[edit]
No-regret learning with high-probability in adversarial Markov decision processes
Proceedings of the Thirty-Seventh Conference on Uncertainty in Artificial Intelligence, PMLR 161:992-1001, 2021.
Abstract
In a variety of problems, a decision-maker is unaware of the loss function associated with a task, yet it has to minimize this unknown loss in order to accomplish the task. Furthermore, the decision-maker’s task may evolve, resulting in a varying loss function. In this setting, we explore sequential decision-making problems modeled by adversarial Markov decision processes, where the loss function may arbitrarily change at every time step.

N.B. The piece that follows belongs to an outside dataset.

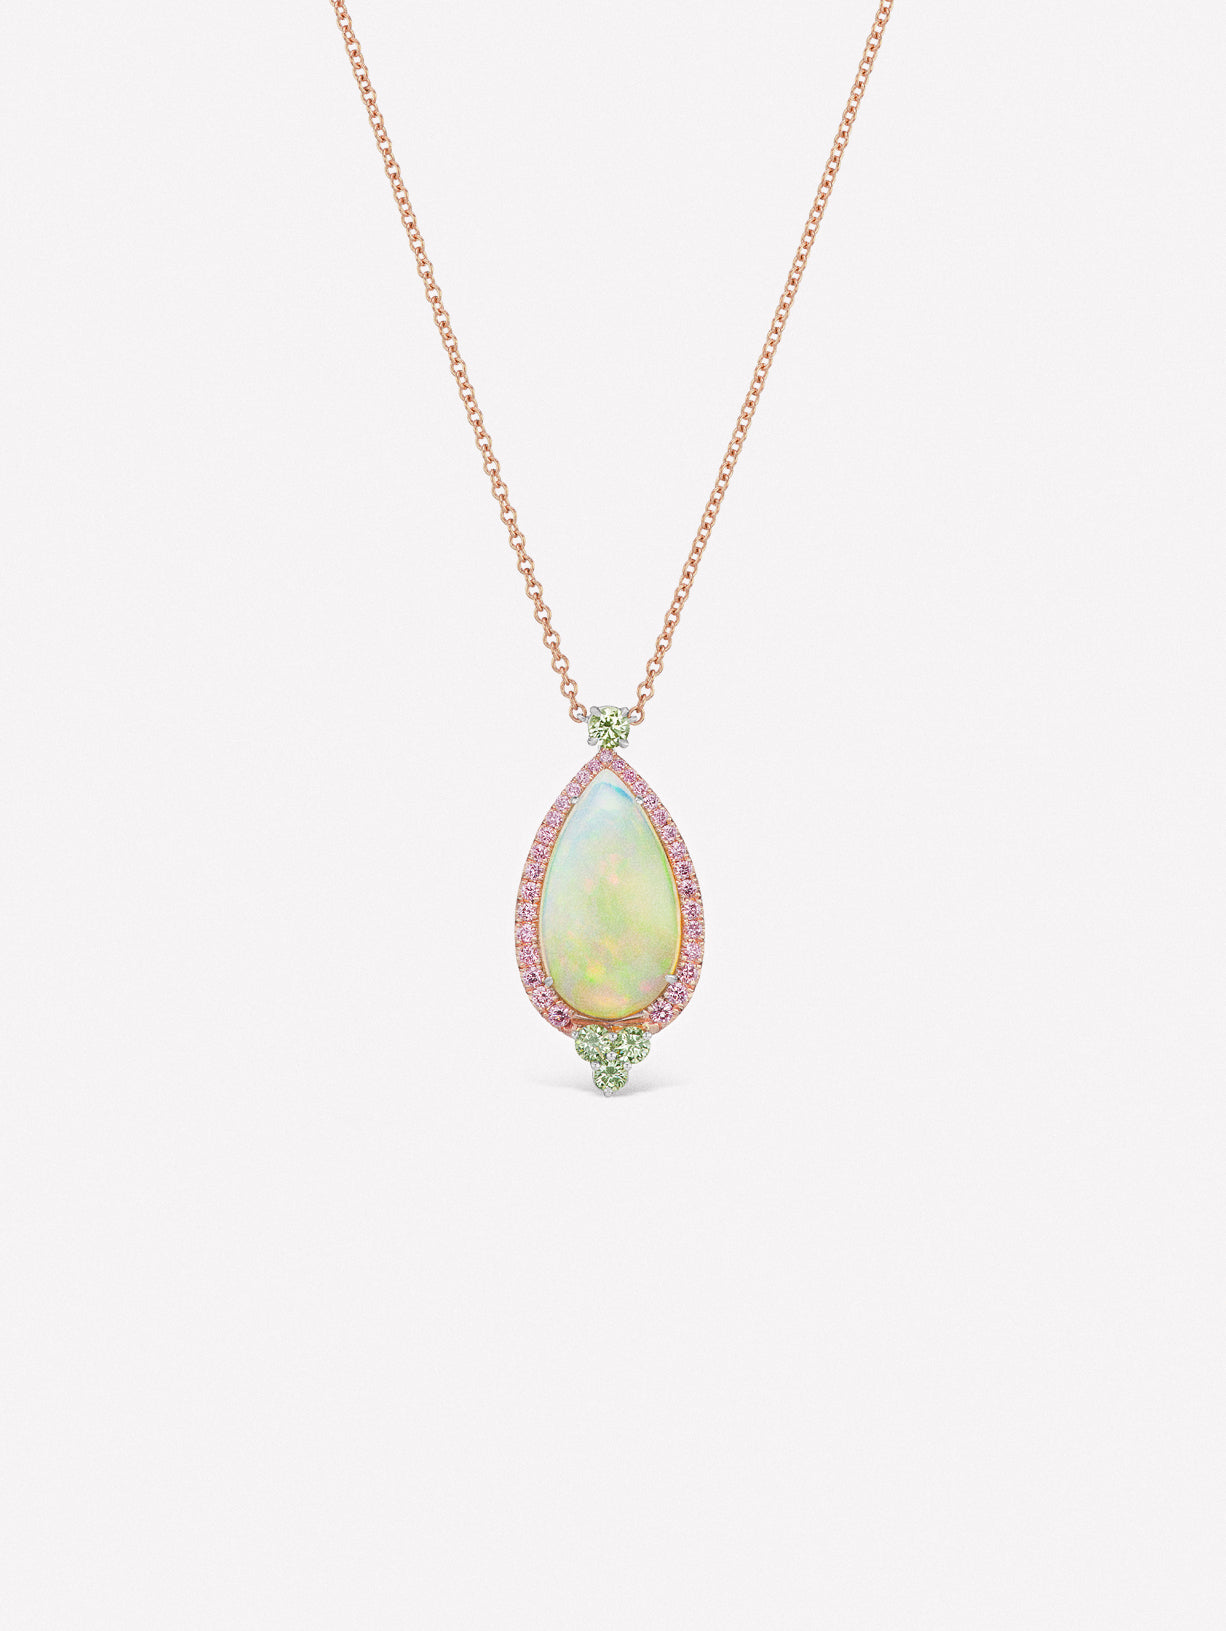 Cabochon opal pendant surrounded by Argyle pink diamonds and green diamond accents.

We consider the bandit feedback scenario, where the agent observes only the loss corresponding to its actions. We propose an algorithm, called online relative-entropy policy search with implicit exploration, that achieves a sublinear regret not only in expectation but, more importantly, with high probability. In particular, we prove that by employing an optimistically biased loss estimator, the proposed algorithm achieves a regret of $\tilde{\mathcal{O}}((T|\act||\st|)^{\pp} \sqrt{\tau})$, where $|\st|$ is the number of states, $|\act|$ is the number of actions, $\tau$ is the mixing time, and $T$ is the time horizon. To our knowledge, the proposed algorithm is the first scheme that enjoys such high-probability regret bounds for general adversarial Markov decision processes under the presence of bandit feedback.